Nova Scotia's Liberal government is joining British Columbia's NDP in accepting Ottawa's offer, and it has pledged to spend $605 million over the next five years on child care for children under the age of six.
A news release today from the federal government says Nova Scotia will achieve an average parent fee of $10 per day for all regulated child care spaces for children under six by the end of the 2025-26 fiscal year.
Prime Minister Justin Trudeau said today during a virtual news conference that by the end of 2022, Nova Scotians will see a 50 per cent reduction in the average cost of child care in regulated centres for children under six.
Trudeau says the agreement will create 4,000 new, regulated early learning and child care spaces within two years and a total of 9,500 spaces by the 2025-26 fiscal year.

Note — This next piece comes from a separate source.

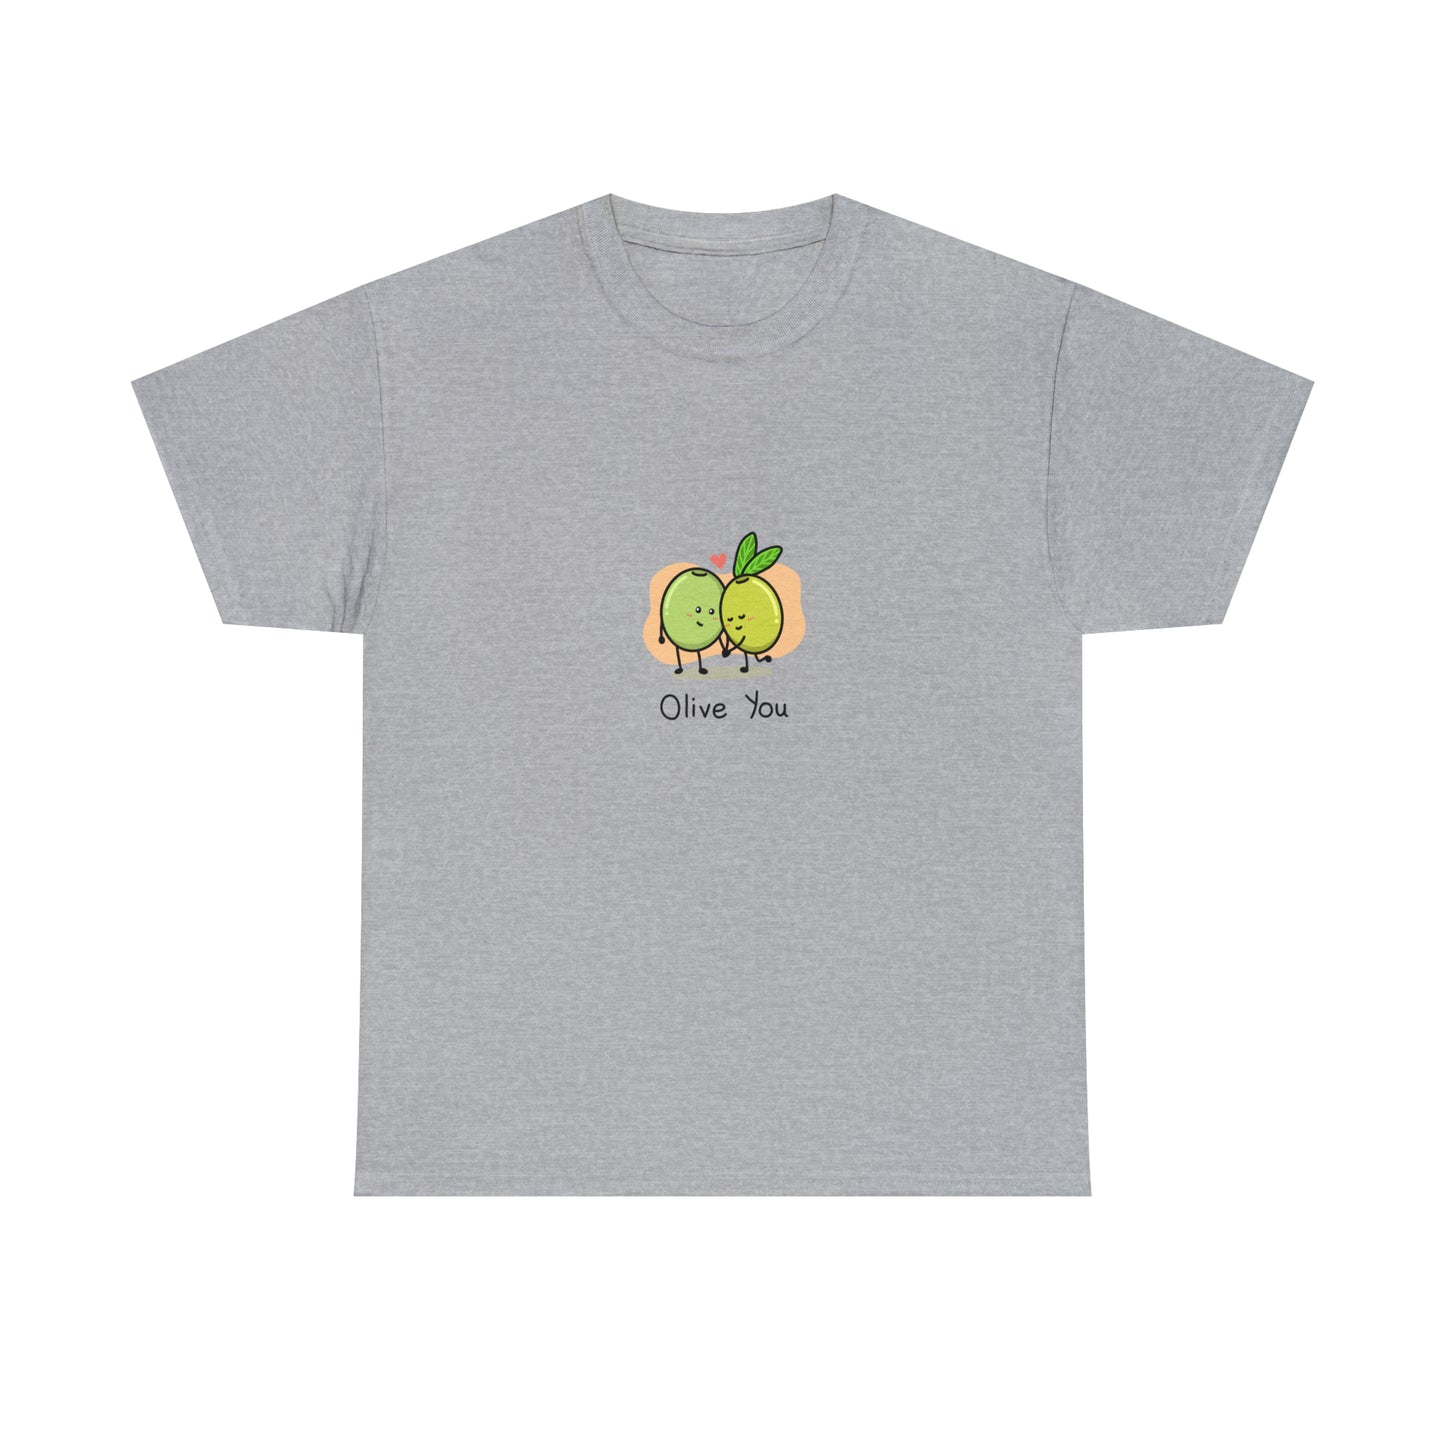 Custom Parody T-shirt, Olive you design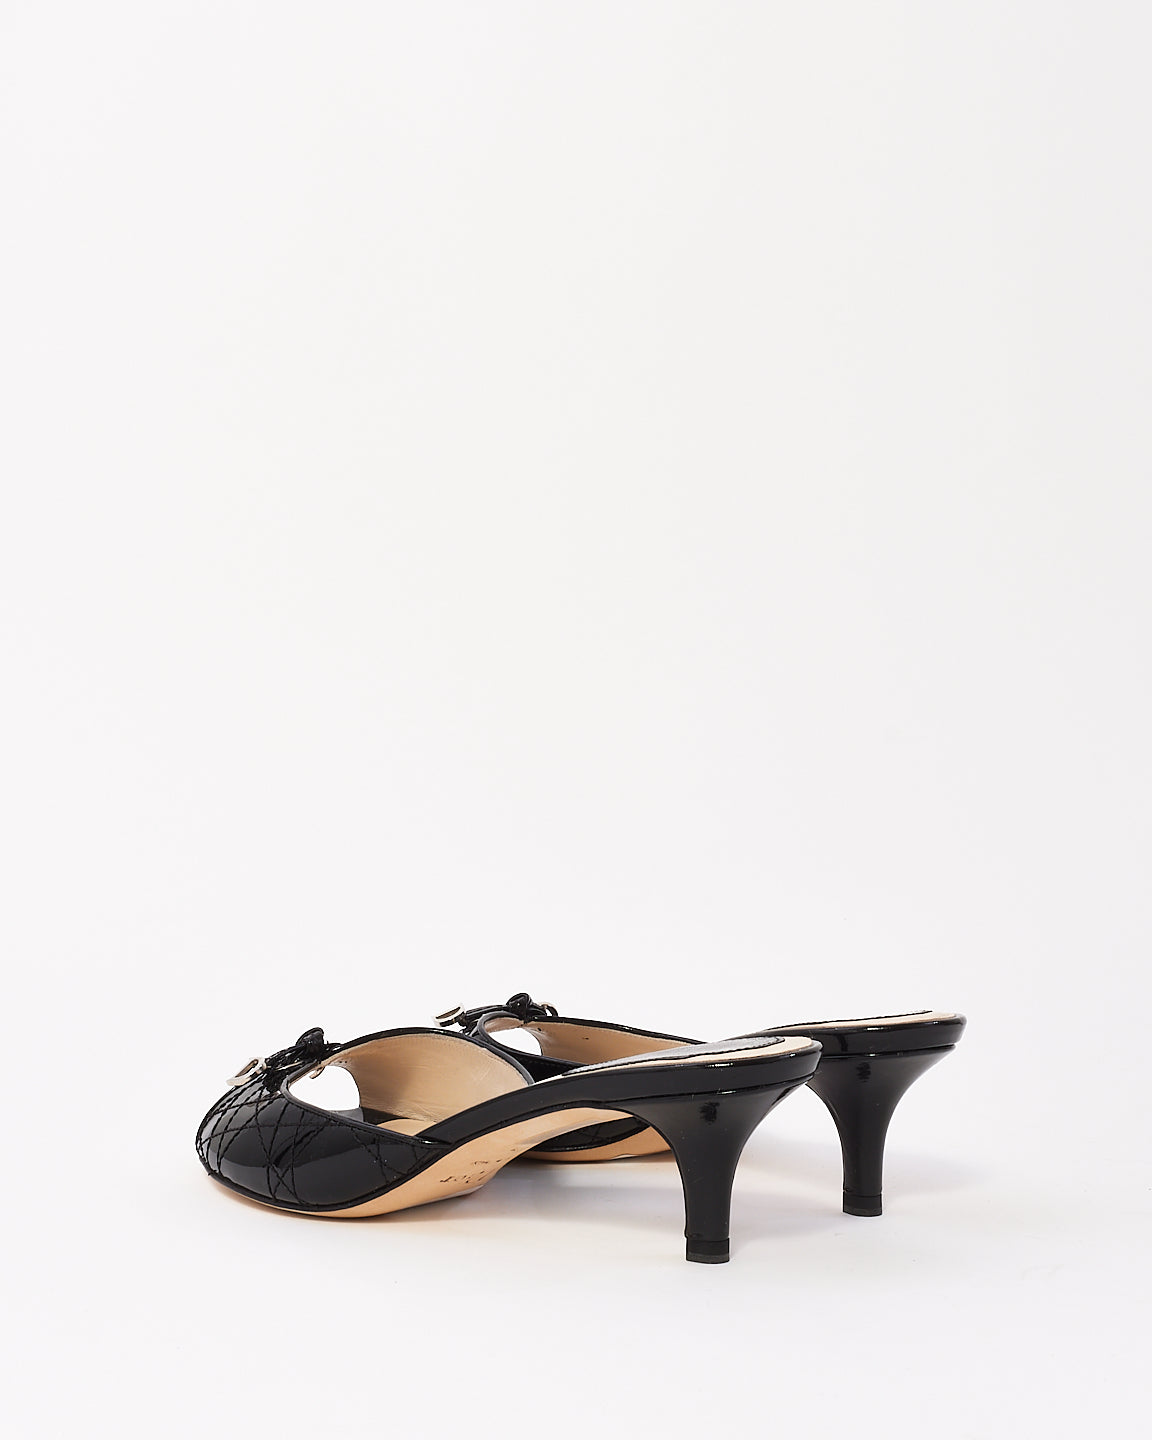 Sandales en cuir Cannage verni noir Dior -36,5

Ottawa says the deal with Nova Scotia will expand not-for-profit and public delivery of early learning and child care "with the goal of moving to a fully not-for-profit and publicly managed system."
"I’m proud that our province is at the forefront of making this a reality for Nova Scotian families," Nova Scotia Premier Iain Rankin told reporters at the news conference, adding he is expecting his first child in November.
Nova Scotia currently invests $132.6 million in early learning and child care annually, including $54 million for pre-primary and more than $75 million for the child care sector.